About this exercise: Nothing but the lines from the one containing "Q01.jpeg.011.jpg" to the end of the data should be copied, exactly, and the pictures stay out.
++++ Listed entries ++++
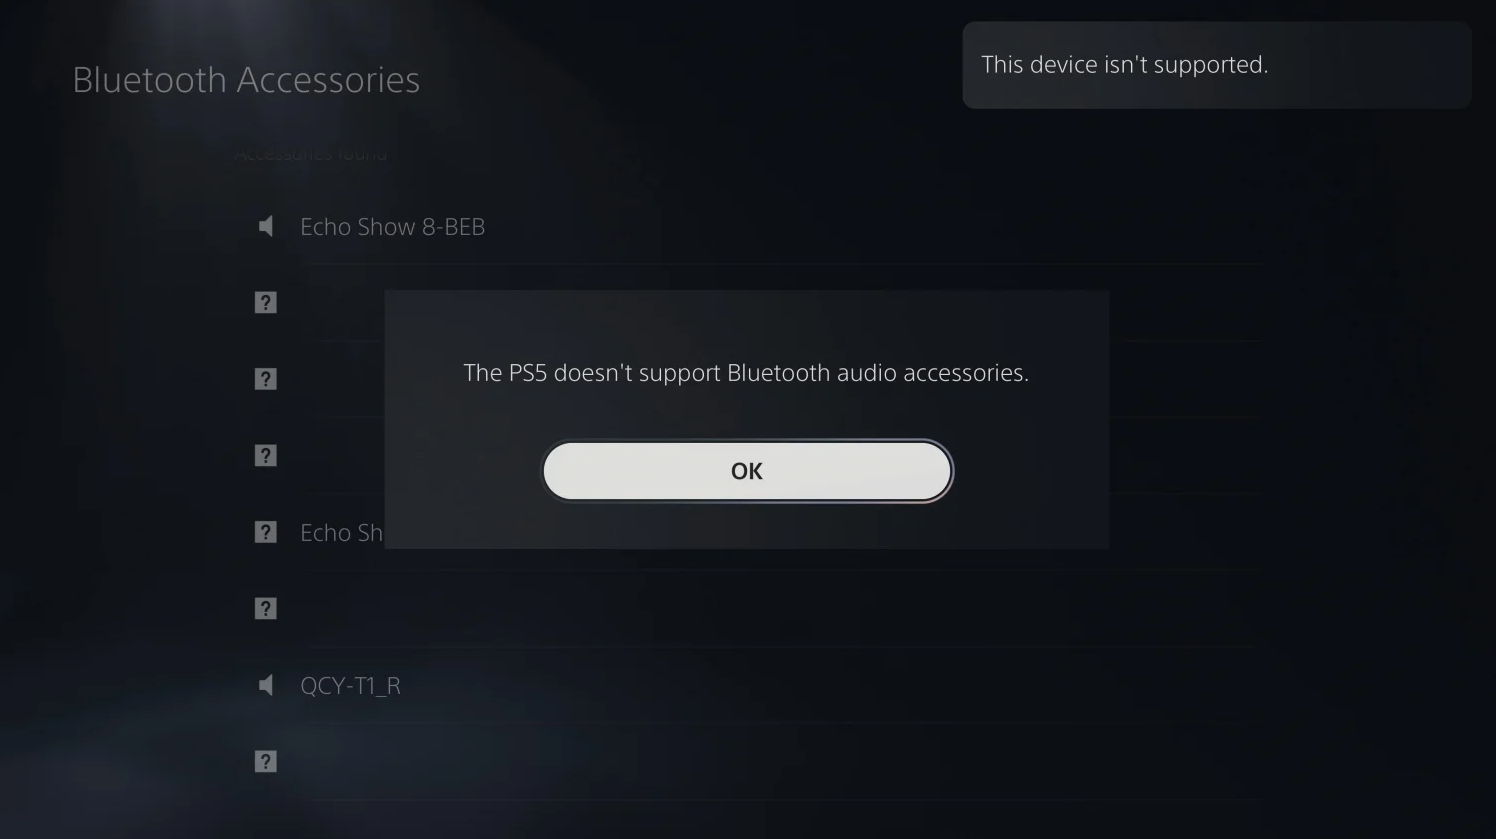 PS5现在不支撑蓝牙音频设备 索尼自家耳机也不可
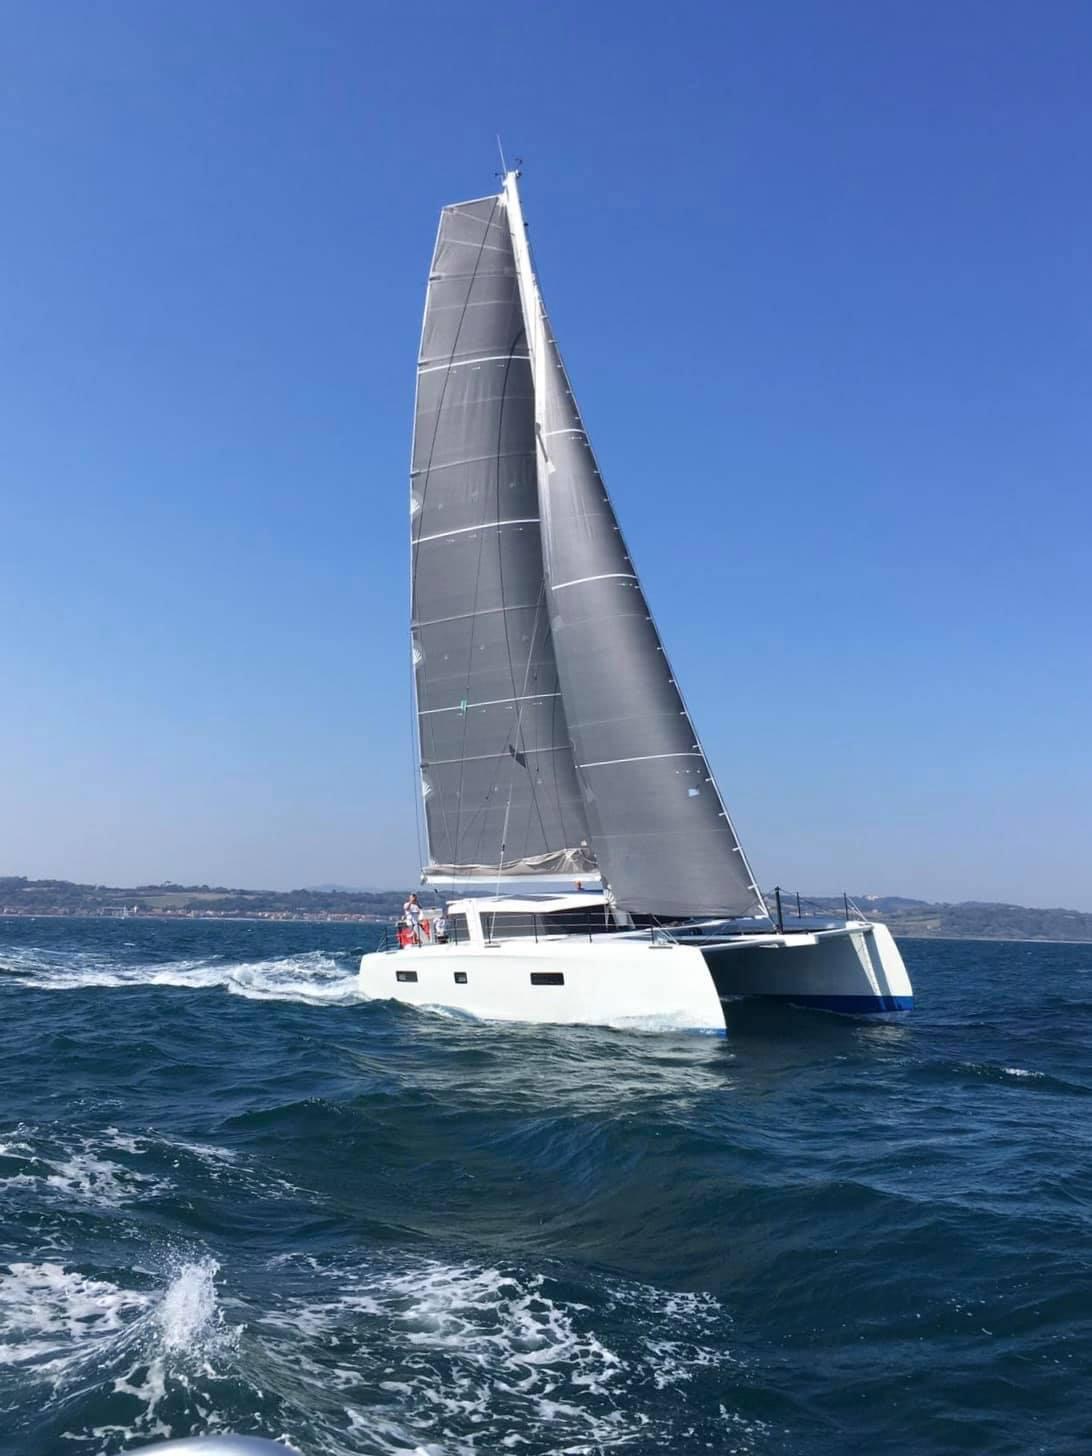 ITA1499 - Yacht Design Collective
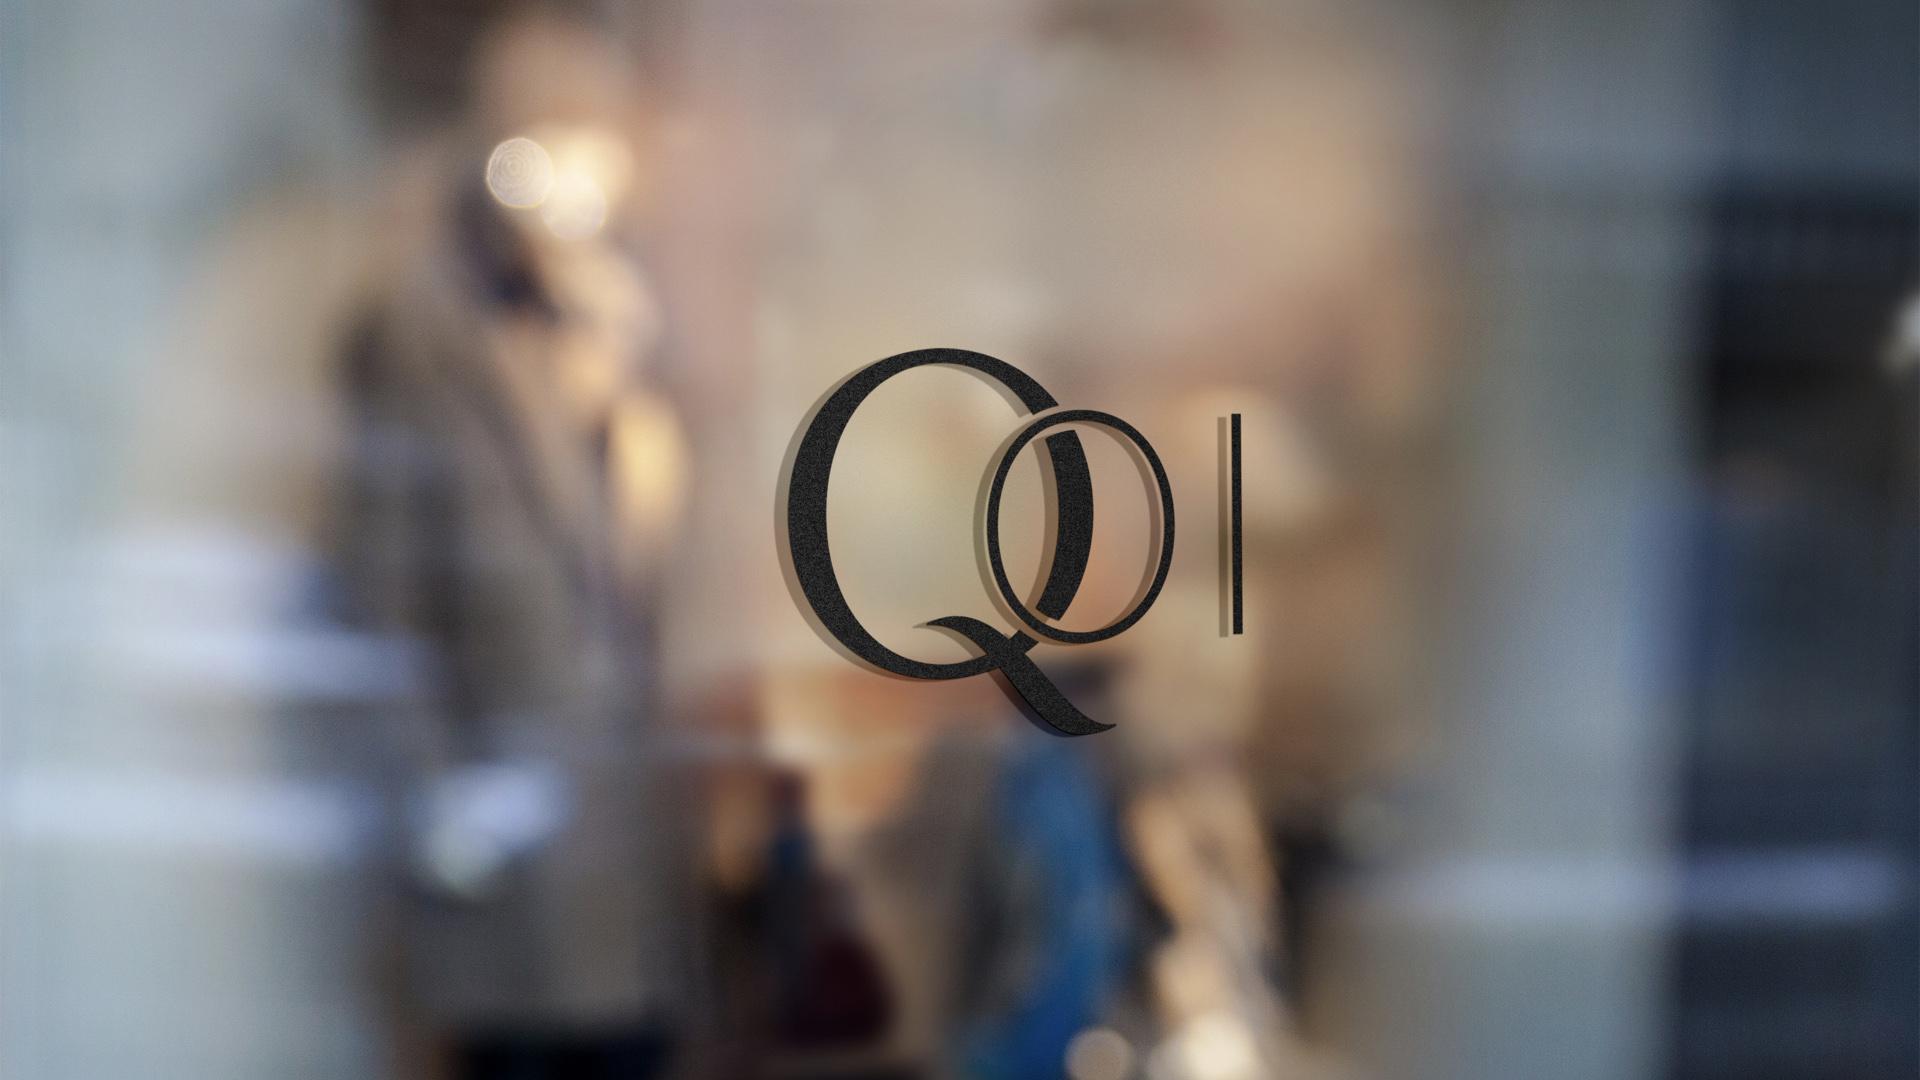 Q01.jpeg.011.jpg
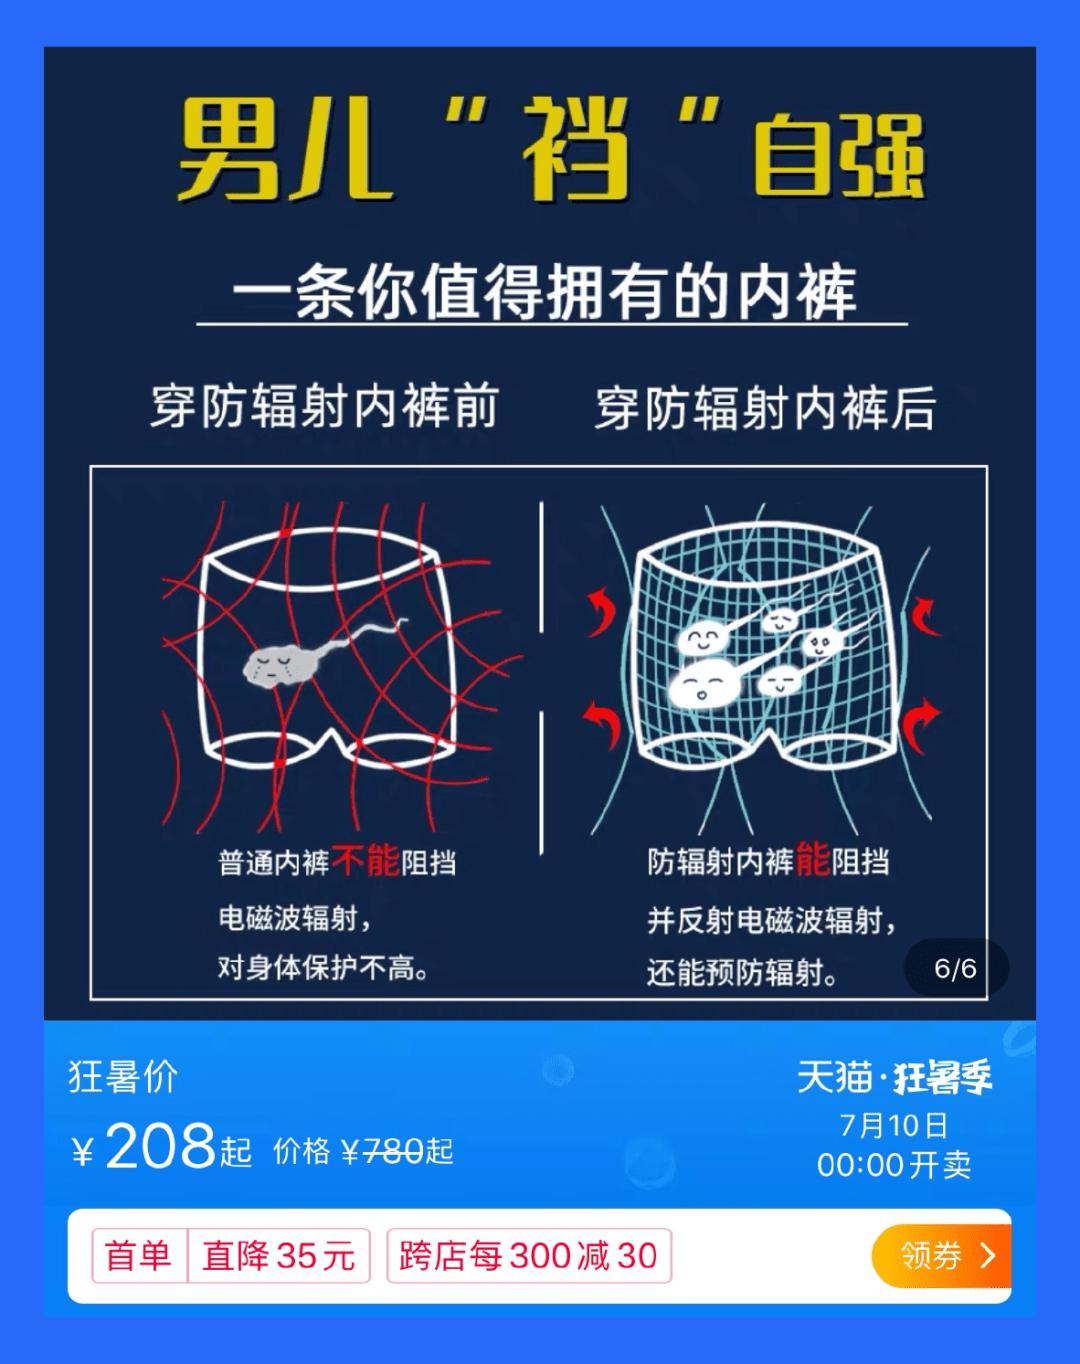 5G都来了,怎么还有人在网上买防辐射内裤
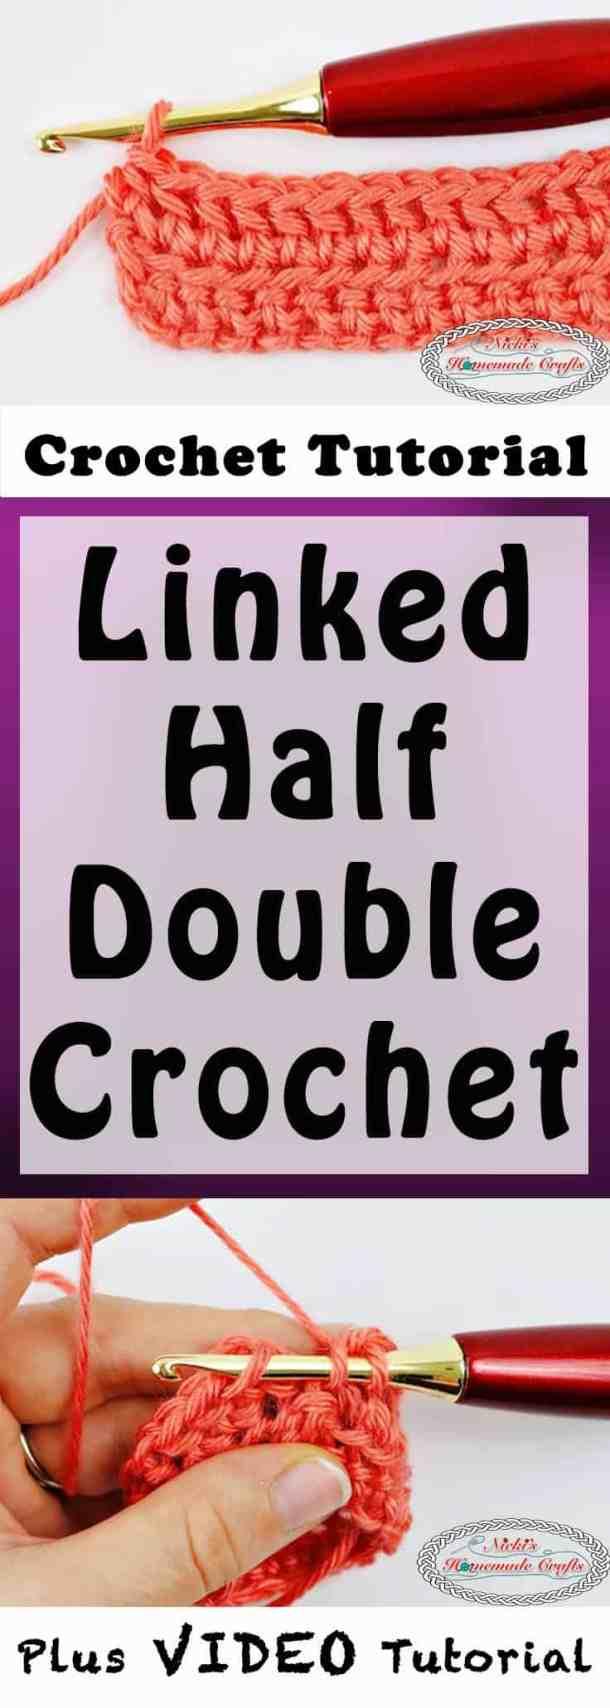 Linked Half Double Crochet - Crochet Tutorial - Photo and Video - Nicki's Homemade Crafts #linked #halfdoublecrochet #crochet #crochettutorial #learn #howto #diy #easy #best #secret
++++
Answer to this task:
 Q01.jpeg.011.jpg
 5G都来了,怎么还有人在网上买防辐射内裤
 Linked Half Double Crochet - Crochet Tutorial - Photo and Video - Nicki's Homemade Crafts #linked #halfdoublecrochet #crochet #crochettutorial #learn #howto #diy #easy #best #secret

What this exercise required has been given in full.